Establishment of biobanks should not only be motivated by the insight into tumor biochemistry and biology that might be gained but also by the understanding that they provide essential tools for defining genetic polymorphisms predisposing to certain acute and long-term toxicities of drugs. Tailoring individualized breast cancer therapies could thereby be empowered for optimization of efficacy as well as toxicity profiles. Networks for genetic efforts in drug toxicity programs have recently been established, e.g. by the Serious Adverse Event Consortium, the Warfarin Consortium, and the European Collaboration for Studying the Genetic Basis of Adverse Drug Reaction Programs , but the author is not aware of such large-scale programs in oncology. They certainly would be worth considering.

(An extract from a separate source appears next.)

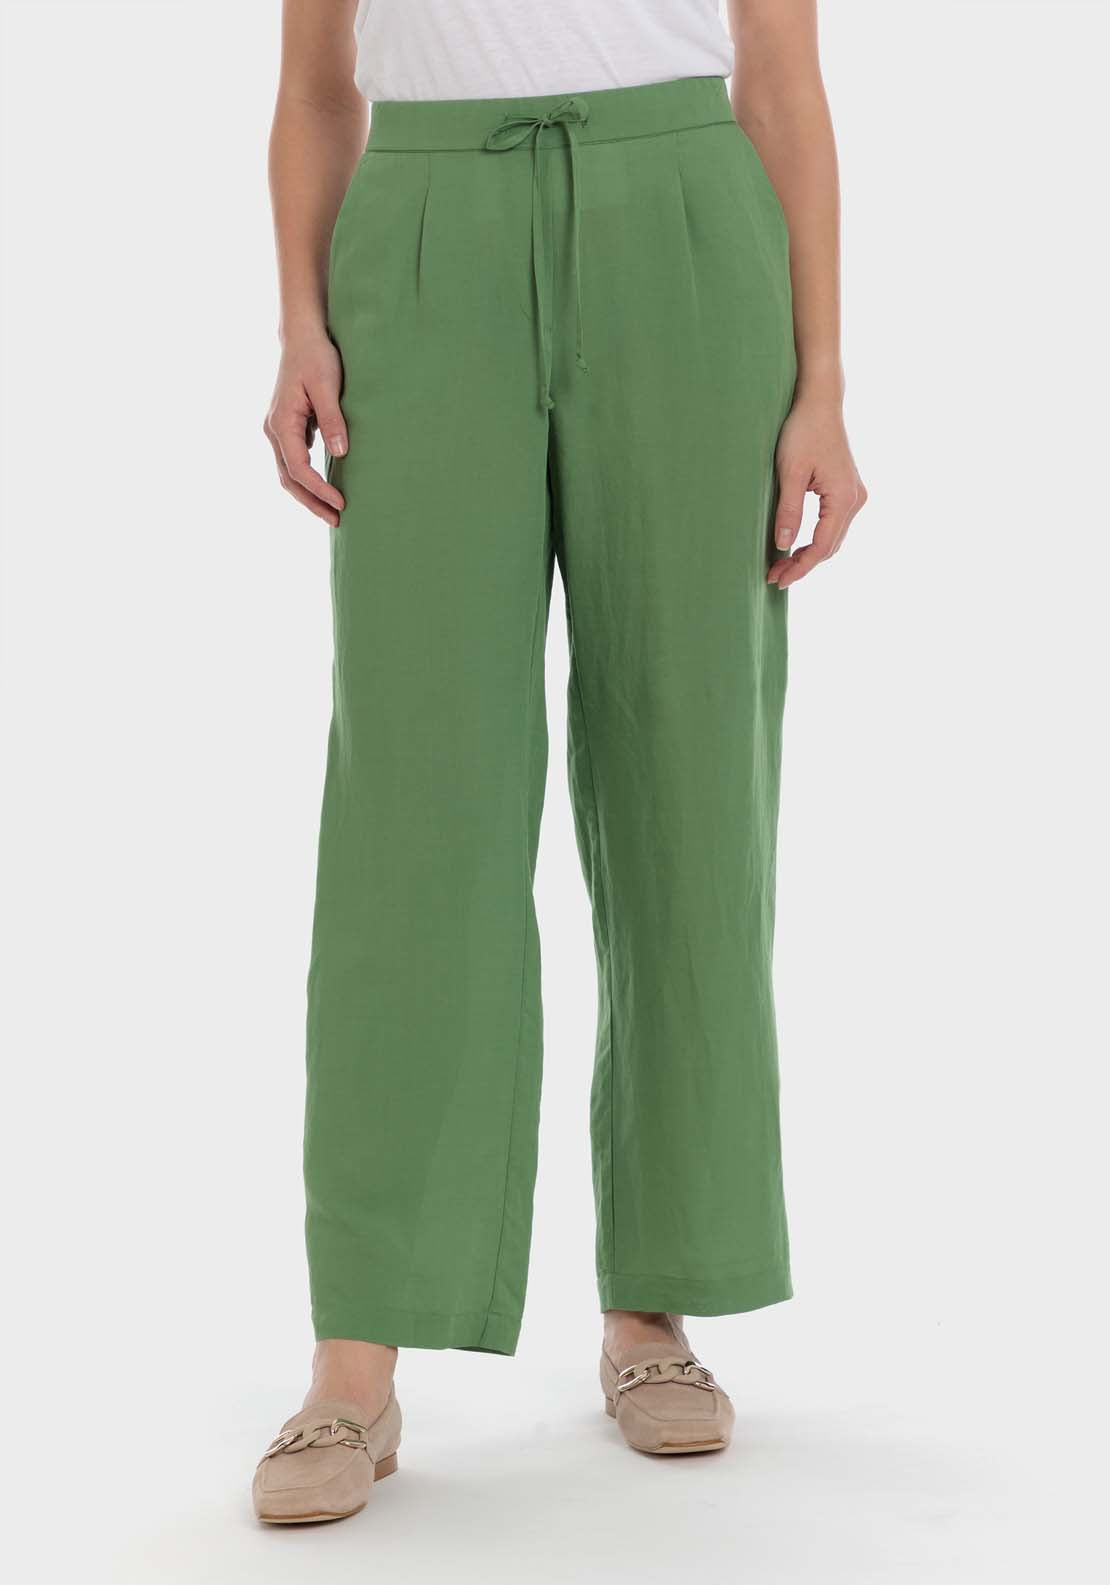 Punt Roma Linen Trousers - Green 2 Shaws Department Stores

The currently available tools for determination of quality of life were an important step for understanding and accepting quality of life as a topic amenable to research. However, more recently significant problems arose with these tools. They seem to be unable to correlate and interpret differences in objective side effects with differences in the patients’ perception of quality of life. They are not specific enough to discern the effect of the addition of ‘biologicals’ to cytotoxics. This may be a particular problem in patients with breast cancer, who are often asymptomatic and in a good performance status even in the metastatic stage of their disease. In such scenarios, the quality of life profile may be driven by the basic cytotoxic rather than by differences in the drugs added. This makes it difficult to weigh modest improvements in cancer-specific outcome and quality of life against costs. In addition, quality of life instruments are not adapted to long-term analyses and patitents’ acceptance declines within short periods of treatment. Adequate benefit/risk estimations, however, will increasingly require the tradeoff between short- and long-term quality of life estimations. We definitely need much more progress in research on quality of life and adequate tools for its measurement to justify incorporation of such data in consultation of patients and refinement of the decision-making process.

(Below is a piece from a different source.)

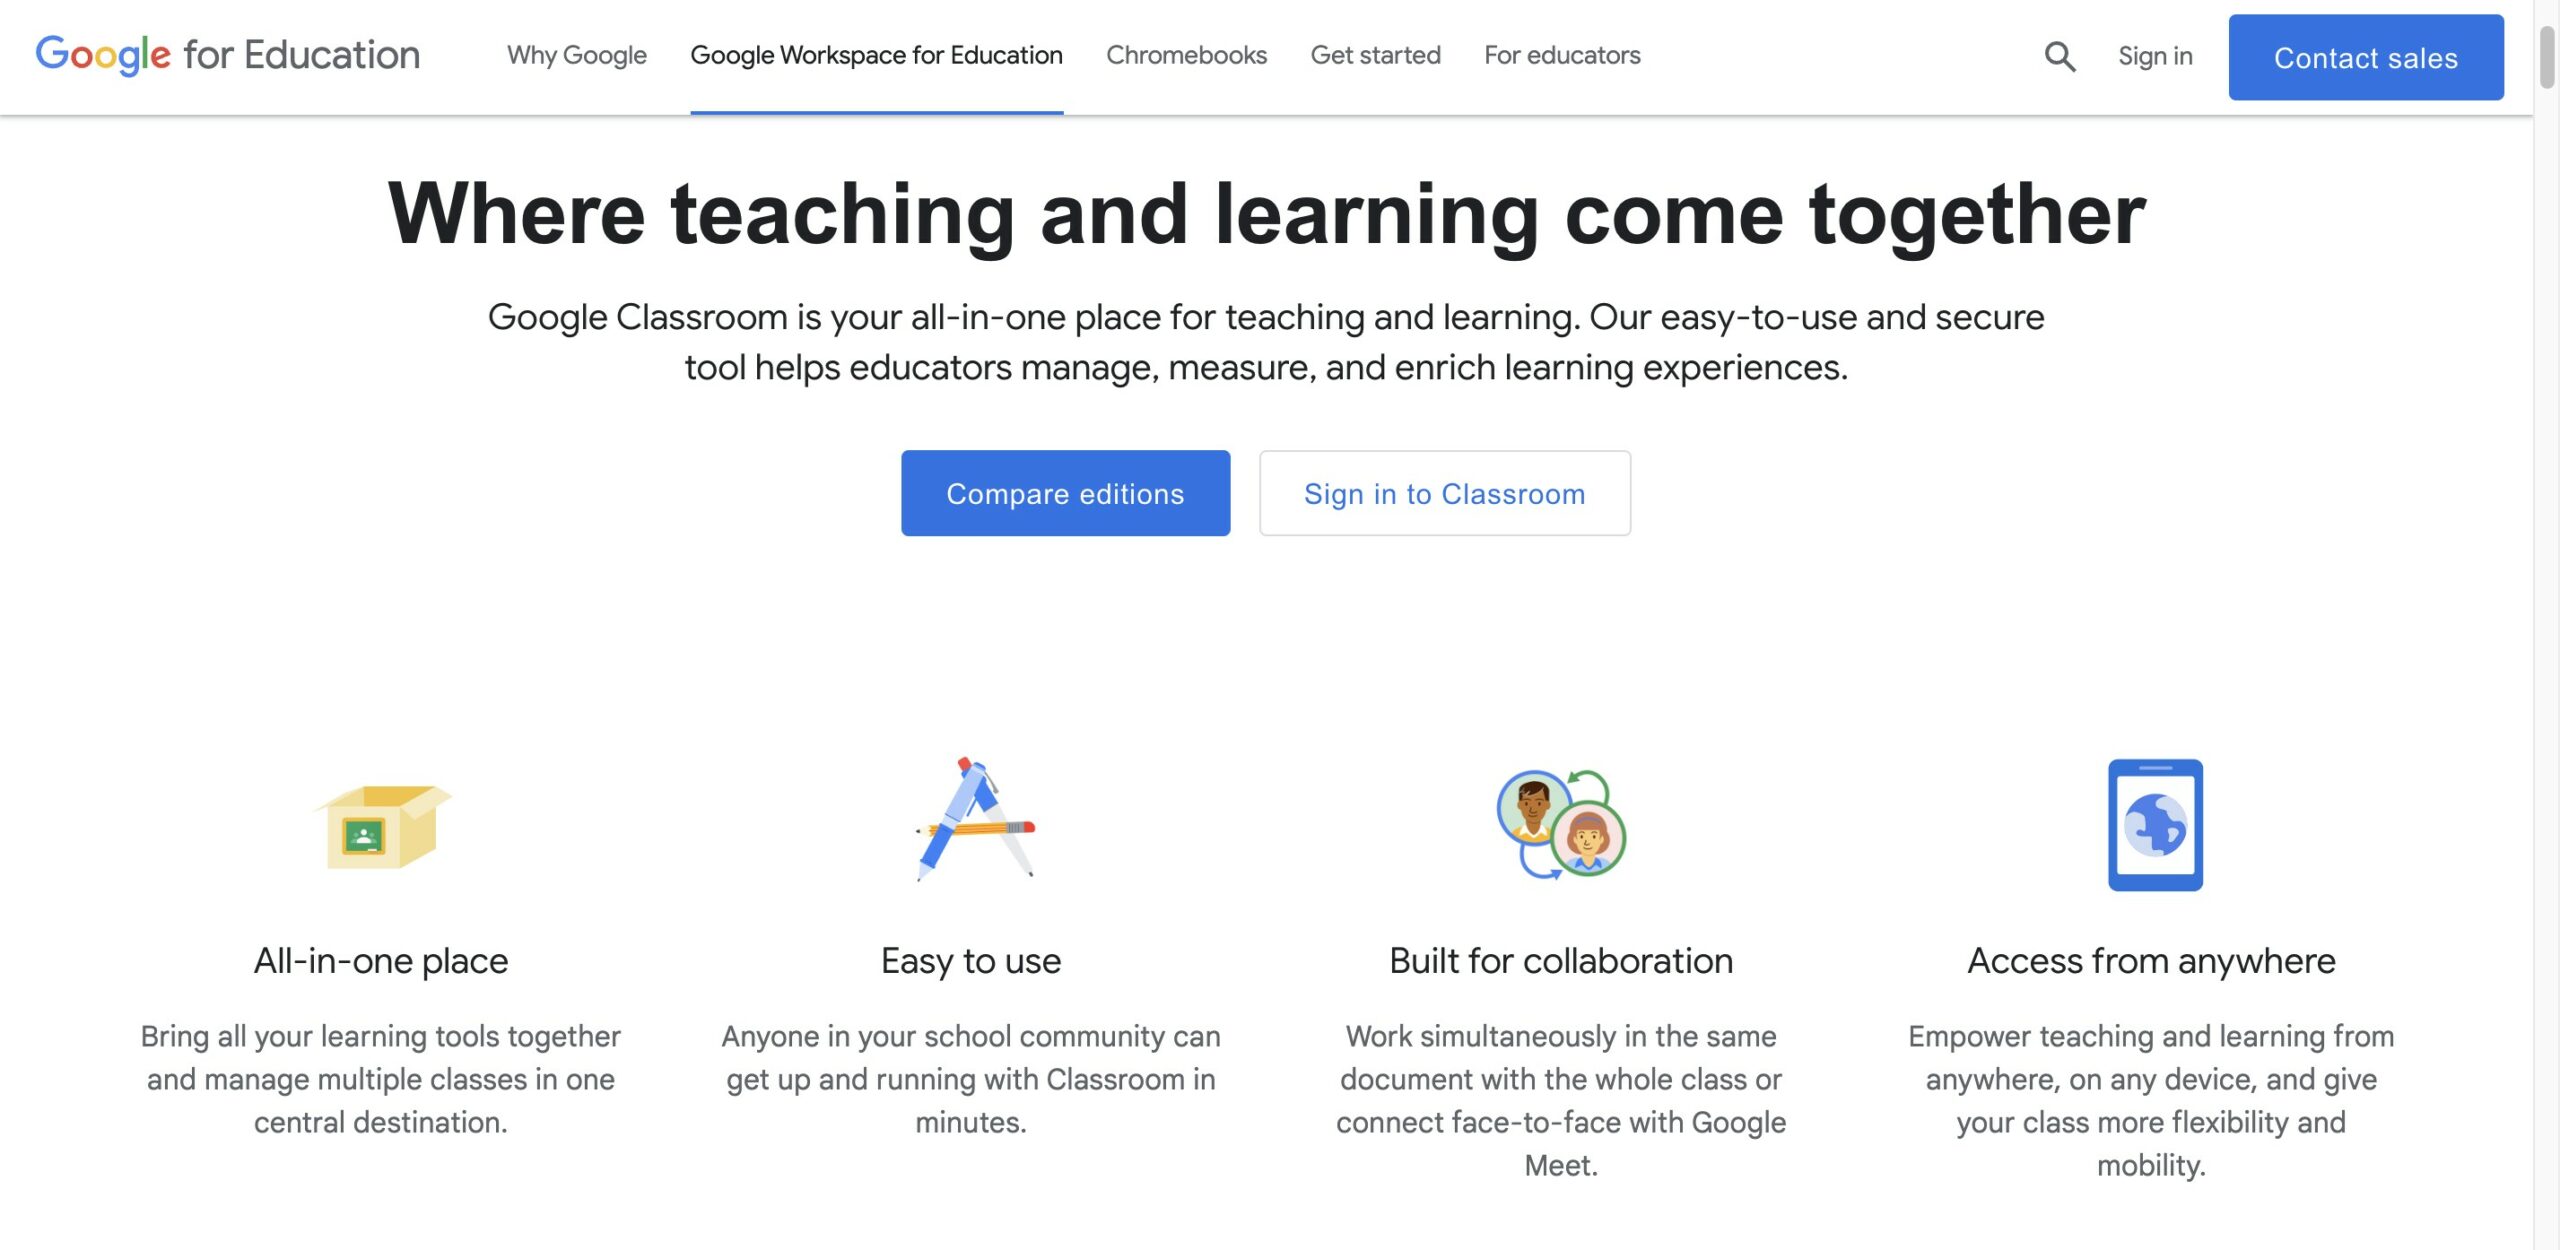 What is the best feature of Google Classroom? Ostado-tutoring website

In summary, with always better results in terms of tumor control, a closer and more scientific look at the development of side effect profiles of breast cancer treatment is mandated. More and more the benefit/side effect ratio acceptable for an individual patient will be driven by the categorization of lifetime risks similar to the cancer types for which breakthroughs have been observed long ago. This requires new and exciting scientific programs in search for genetic predispositions towards side effects, larger population-based registries for adequate long-term follow-up within and outside of clinical trials, a careful avoidance of euphemistic labeling of novel drugs and a change in the communication between physicians and patients. Indeed, the discussion of long-term effects of drugs and of yet unproven but plausible or possible side effects will become a more important part of the patient-physician relationship in the future.